Collagen Injections for the Treatment of Acne Scars and Wrinkles

December 2, 2021 updated by: Murad Alam, Northwestern University

Pilot Study of Autologous Fibroblast Injection for Acne Scars, Forehead Lines, Lip Lines, Horizontal Neck Lines, and Static Crow's Feet

The purpose of this study is to find out if autologous (your own) fibroblast injections are effective for the treatment of acne scars and wrinkles.

Study Overview

Status

Terminated

Conditions

Intervention / Treatment

Study Type

Interventional

Enrollment (Actual)

4

Phase

  • Phase 1

Contacts and Locations

This section provides the contact details for those conducting the study, and information on where this study is being conducted.

Study Locations

  • United States
    • Illinois
      • Chicago, Illinois, United States, 60611
        • Northwestern University Feinberg School of Medicine, Department of Dermatology

Participation Criteria

Researchers look for people who fit a certain description, called eligibility criteria. Some examples of these criteria are a person's general health condition or prior treatments.

Eligibility Criteria

Ages Eligible for Study

18 years and older (Adult, Older Adult)

Accepts Healthy Volunteers

No

Genders Eligible for Study

All

Description

Inclusion Criteria:

  • Age 18 or over
  • Bilateral acne scars or have moderate to severe wrinkles
  • Subjects in good health
  • Subjects has the willingness and the ability to understand and provide informed consent for the use of their tissue and communicate with the investigator

Exclusion Criteria:

  • Under 18 years of age
  • Pregnancy or lactation
  • recent Accutane use in the past 6 months
  • prone to hypertrophic and keloidal scarring
  • have excessively redundant skin in the treatment area or wrinkles longer than 20 cm total
  • have a history of autoimmune disorders, organ transplantation, cancer not in remission, active or chronic skin disease
  • have a history of basal-cell carcinoma
  • have previously received autologous fibroblast treatment
  • have undergone any confounding therapy in the lower two-thirds of the face within 1 year or any investigational treatment within 30 days.
  • have an allergy to collagen, bovine products, local anesthetics, gentamicin, or amphotericin B
  • subjects who are unable to understand the protocol or to give informed consent
  • subjects with mental illness

Study Plan

This section provides details of the study plan, including how the study is designed and what the study is measuring.

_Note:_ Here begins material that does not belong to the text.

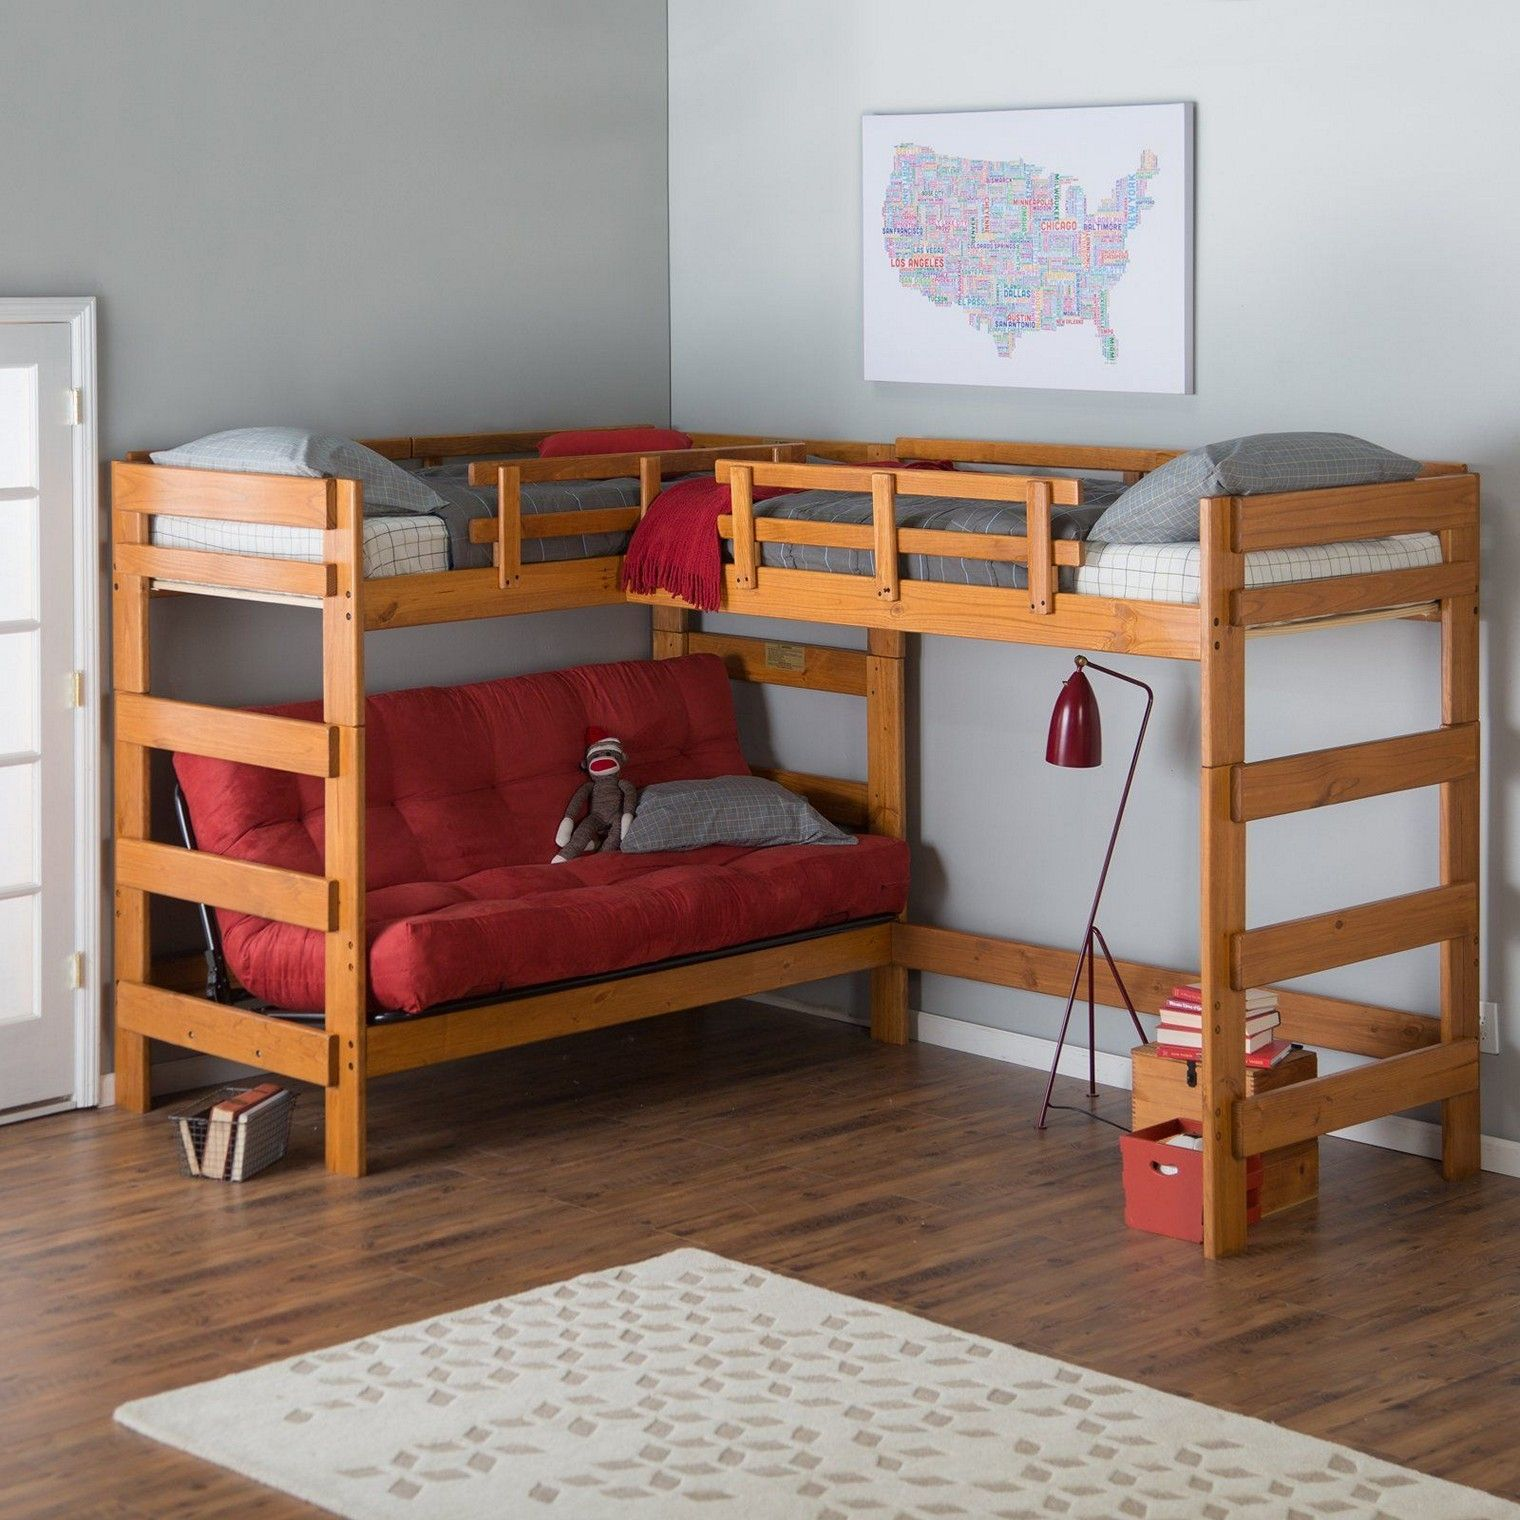 Queen loft bed with stairs  Hochbett Ideen Schlafzimmer Komplett  Kinderus Zimmer  Pinterest

How is the study designed?

Design Details

  • Primary Purpose: Treatment
  • Allocation: Randomized
  • Interventional Model: Single Group Assignment
  • Masking: Double

Arms and Interventions

Participant Group / Arm
Intervention / Treatment
Experimental: Fibroblast Treatment
The fibroblast treatment will be randomly injected into one side of the face.
Drug: Fibroblast Treatment
Placebo Comparator: Vehicle
The vehicle will be injected randomly to the other side of the face.
Procedure: Vehicle

What is the study measuring?

Primary Outcome Measures

Outcome Measure
Time Frame
Change from baseline of rater's comparisons at 6 months
Time Frame: Basline and 6 months
Basline and 6 months

Collaborators and Investigators

This is where you will find people and organizations involved with this study.

Sponsor

Northwestern University

Study record dates

These dates track the progress of study record and summary results submissions to ClinicalTrials.gov. Study records and reported results are reviewed by the National Library of Medicine (NLM) to make sure they meet specific quality control standards before being posted on the public website.

Study Major Dates

Study Start

April 1, 2013

Primary Completion (Actual)

June 1, 2013

Study Completion (Actual)

June 1, 2013

Study Registration Dates

First Submitted

September 27, 2012

First Submitted That Met QC Criteria

October 9, 2012

First Posted (Estimate)

October 11, 2012

Study Record Updates

Last Update Posted (Actual)

December 6, 2021

Last Update Submitted That Met QC Criteria

December 2, 2021

Last Verified

December 1, 2021

More Information

Terms related to this study

Additional Relevant MeSH Terms

Other Study ID Numbers

  • STU67333

This information was retrieved directly from the website clinicaltrials.gov without any changes. If you have any requests to change, remove or update your study details, please contact register@clinicaltrials.gov. As soon as a change is implemented on clinicaltrials.gov, this will be updated automatically on our website as well.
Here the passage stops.